◆ **Task prompt**:
From first line to last, give the records again word for word and omit the pictures.

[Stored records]
* * *
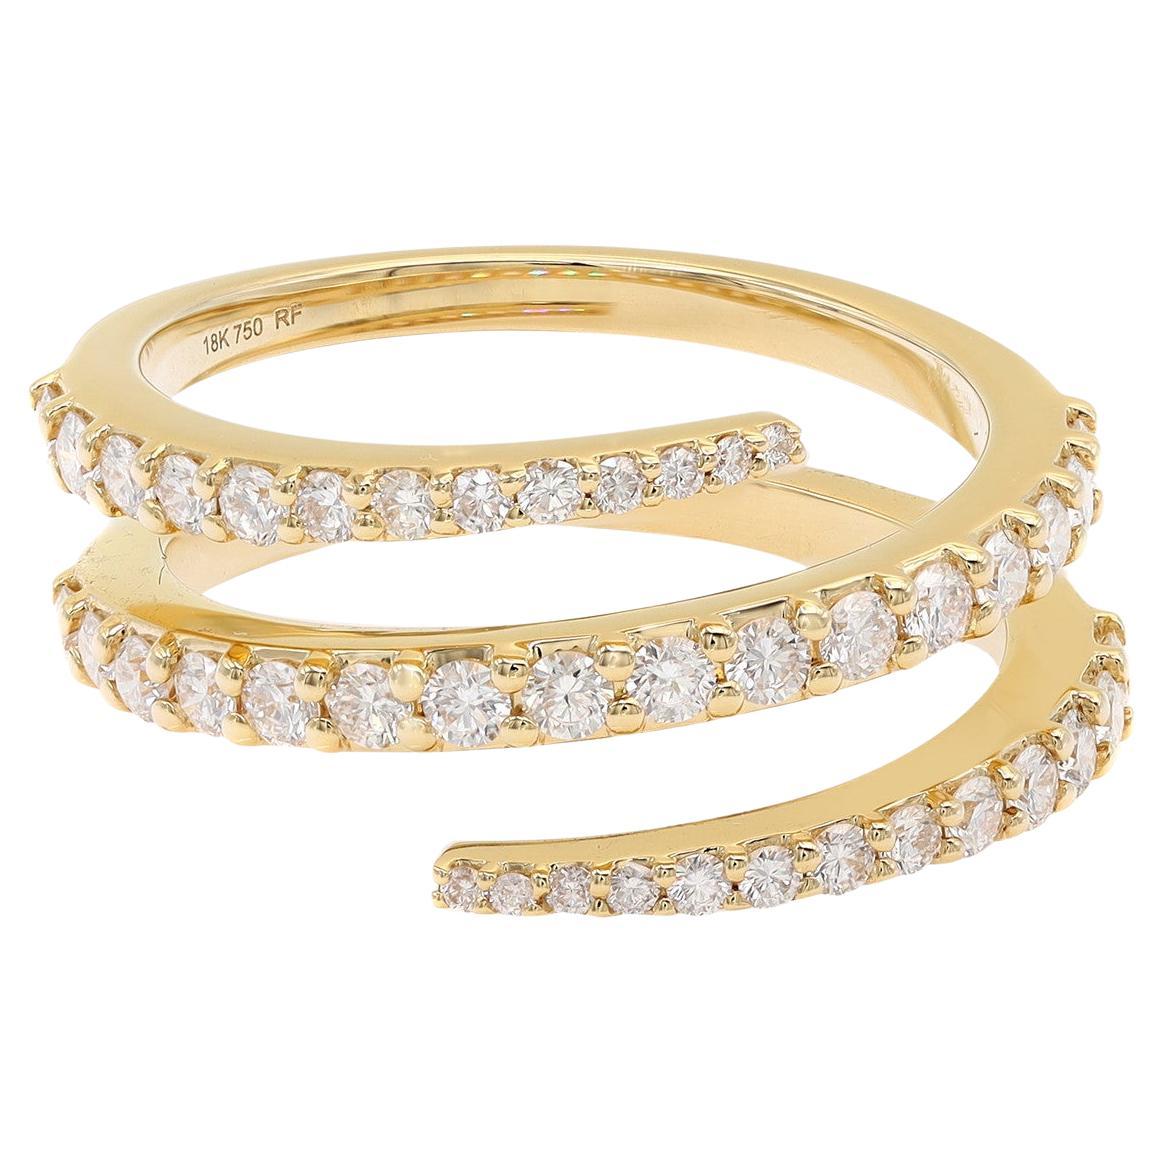 0.85 Carat Diamond Multi-Row Spiral Ring in 18K Yellow Gold
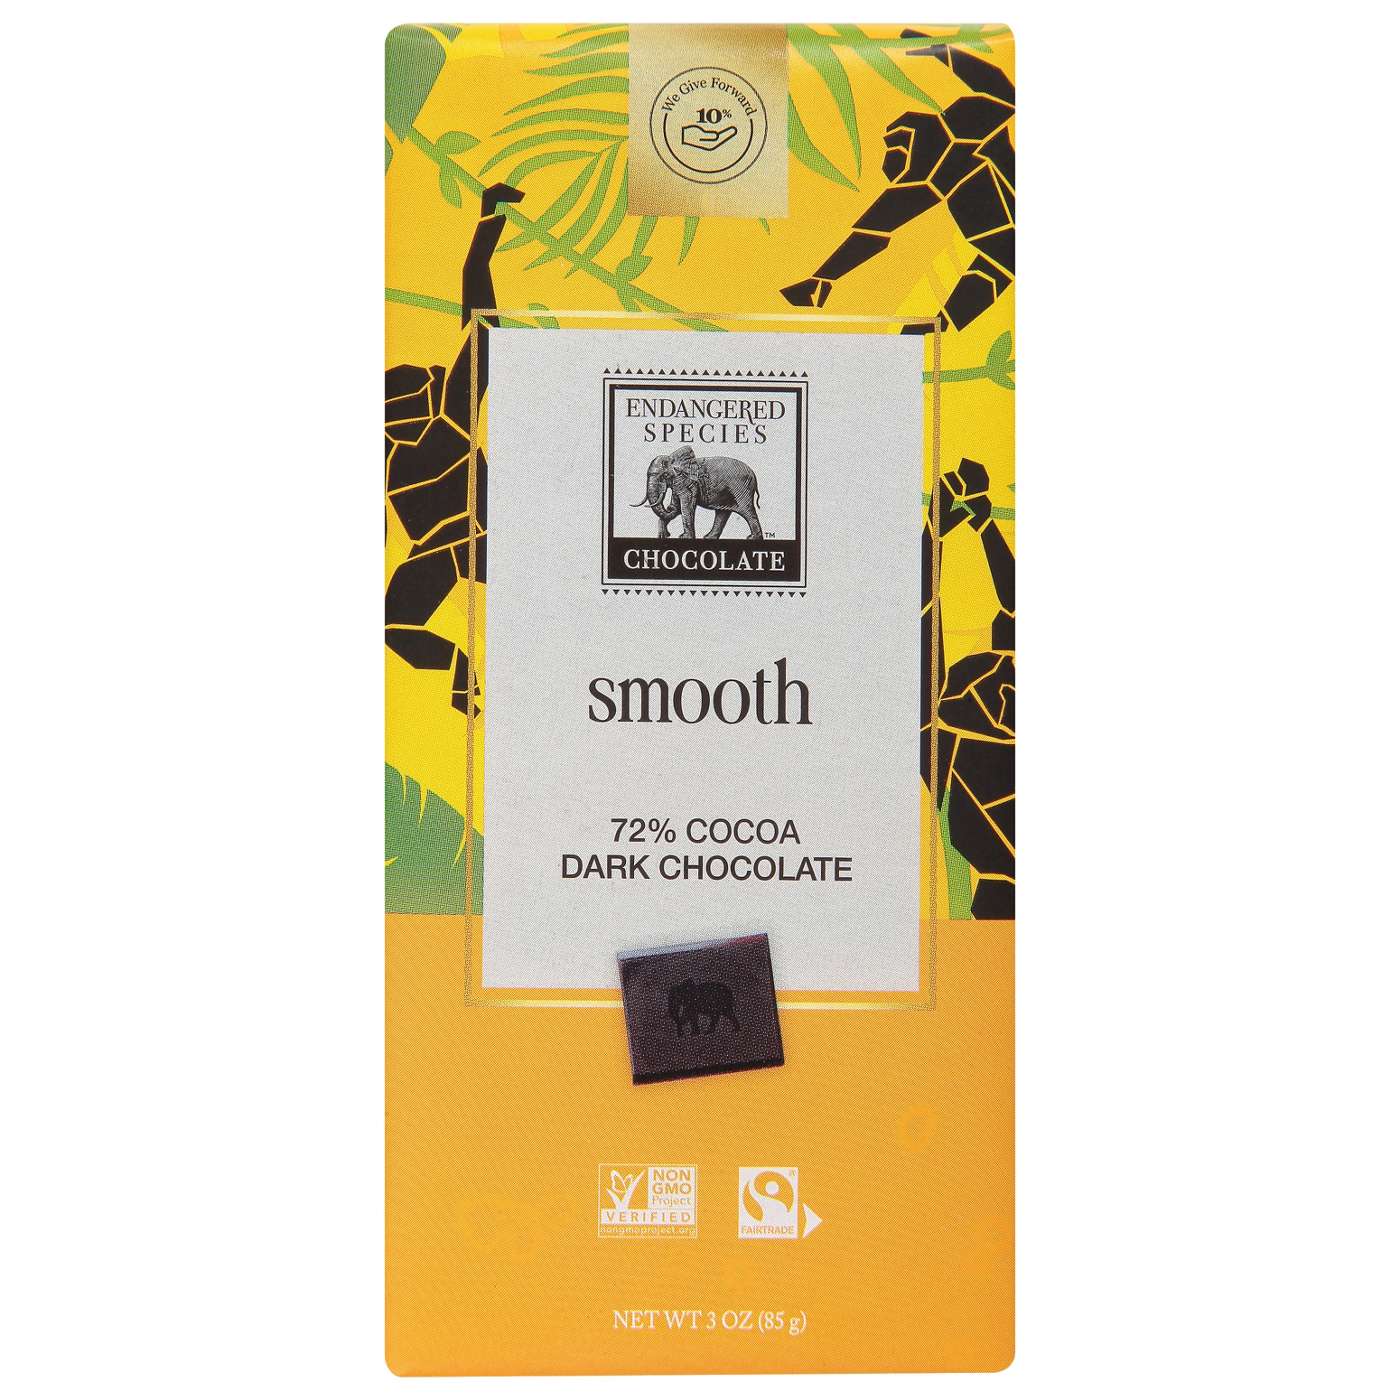 Endangered Species Smooth Dark Chocolate Bar; image 1 of 2
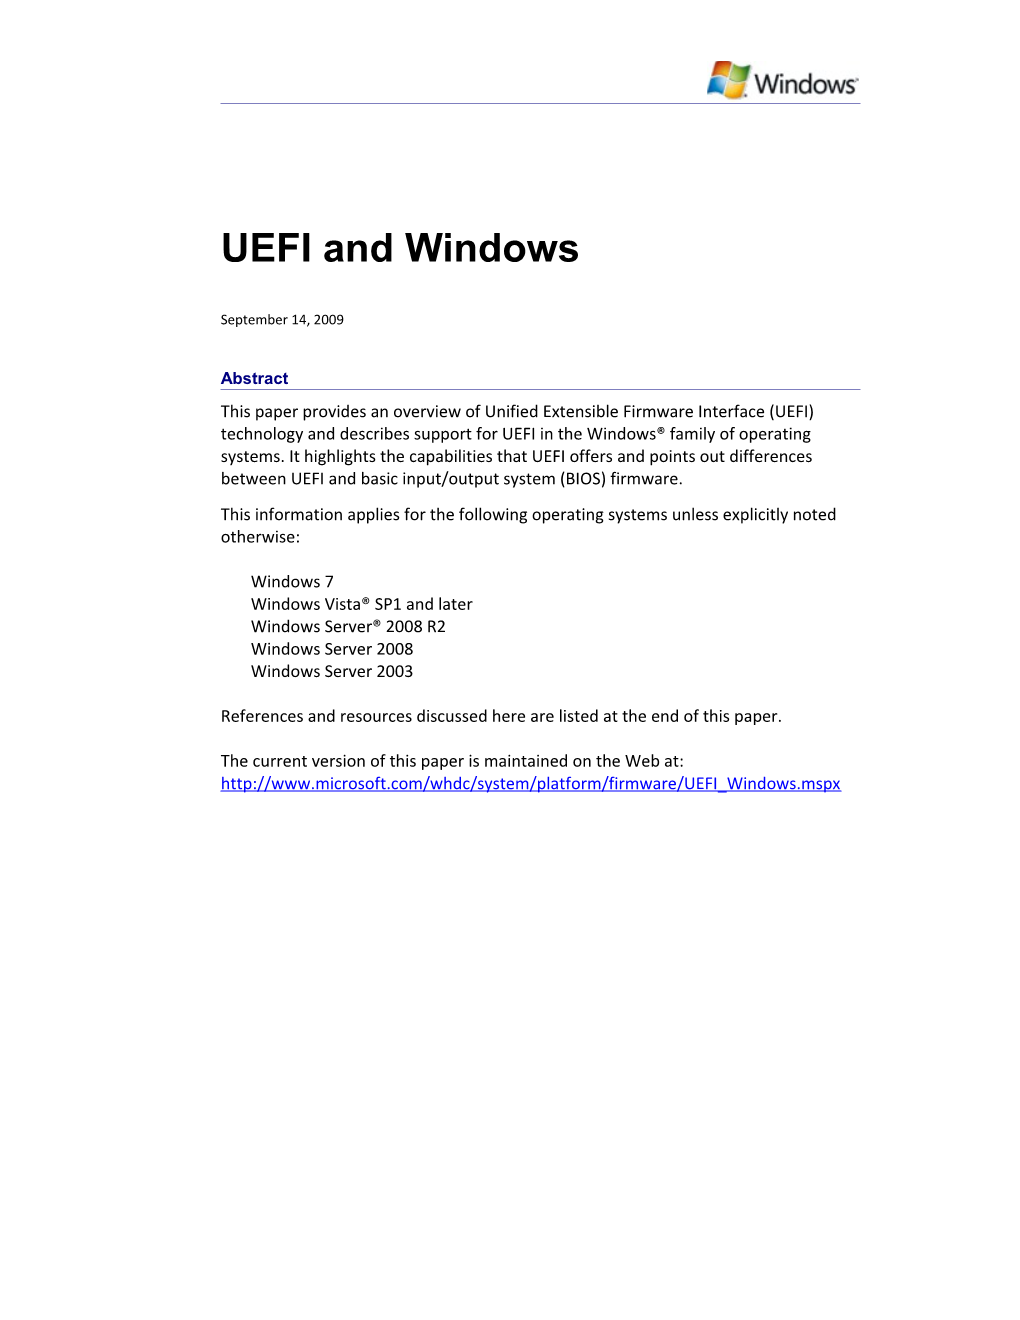 UEFI and Windows - 1
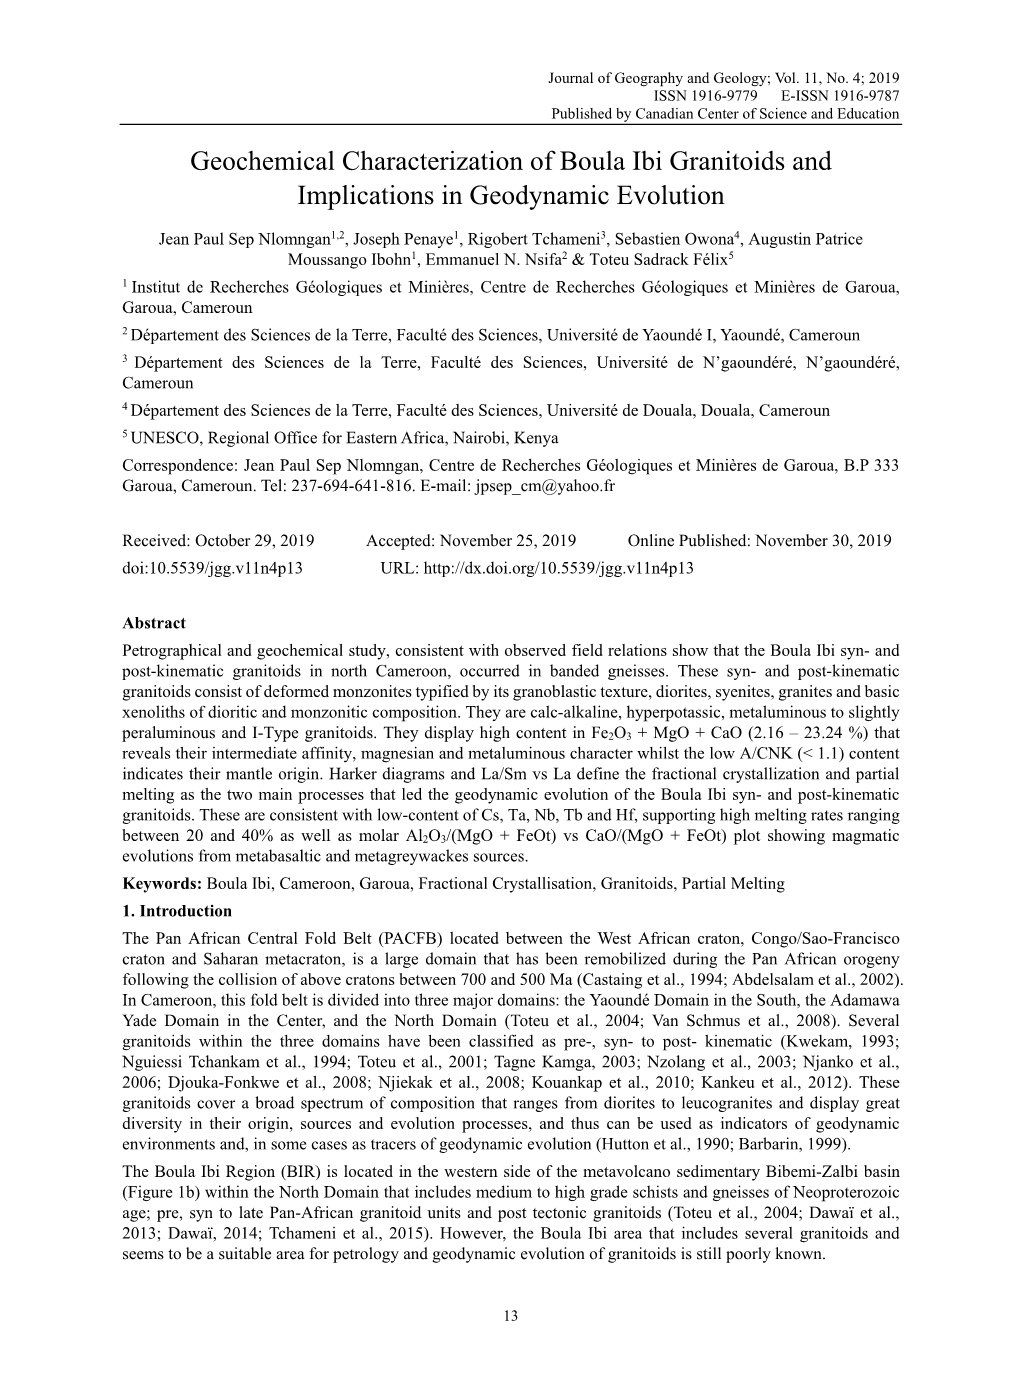 Geochemical Characterization of Boula Ibi Granitoids and Implications in Geodynamic Evolution
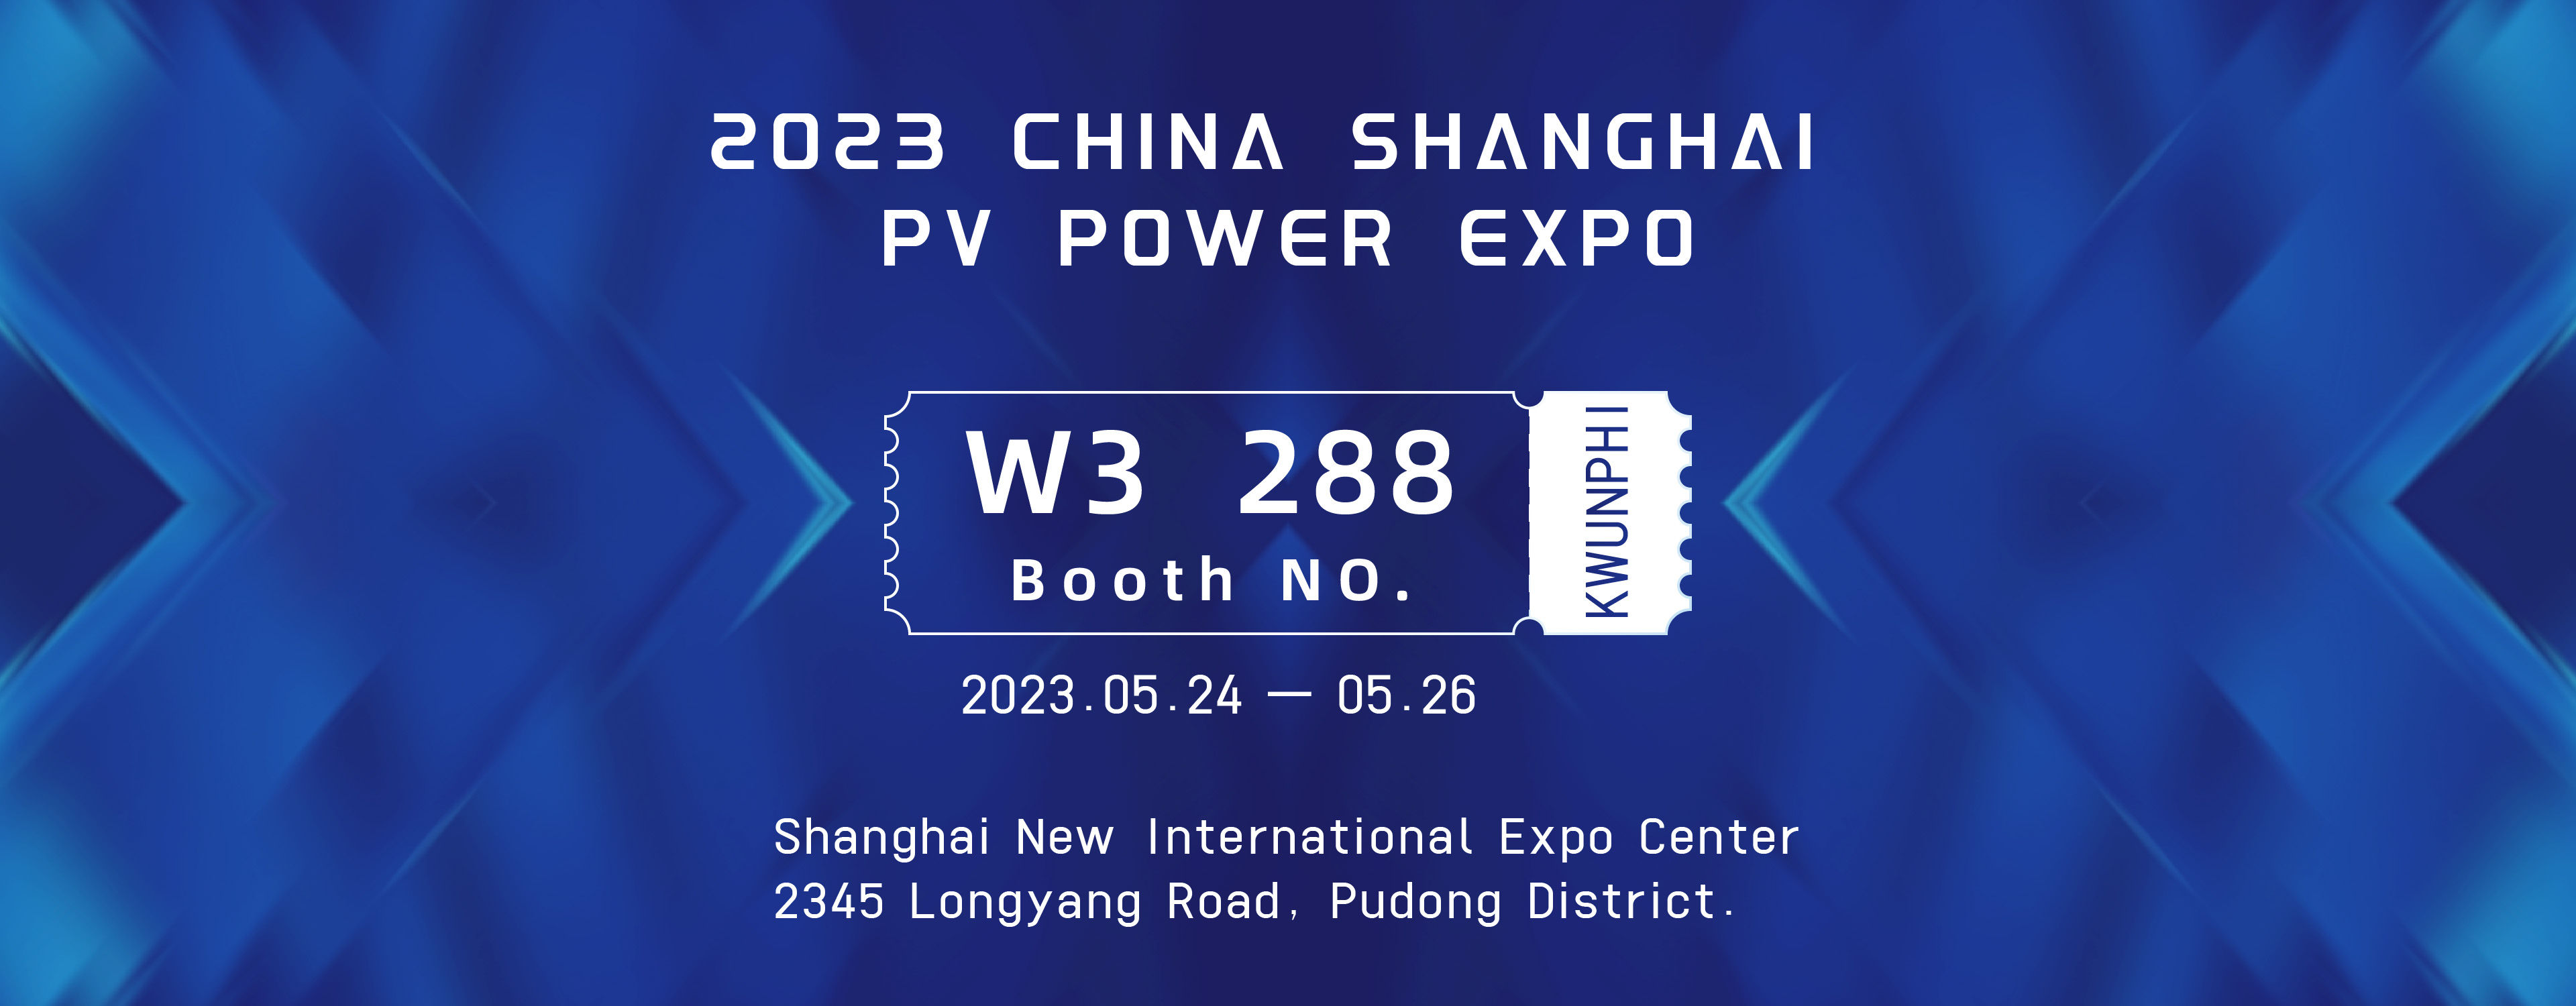 2023 China Shanghai PV Power EXPO
* * *
◆ **Written answer**:
 0.85 Carat Diamond Multi-Row Spiral Ring in 18K Yellow Gold
 Endangered Species Smooth Dark Chocolate Bar; image 1 of 2
 UEFI and Windows - 1
 Geochemical Characterization of Boula Ibi Granitoids and Implications in Geodynamic Evolution
 2023 China Shanghai PV Power EXPO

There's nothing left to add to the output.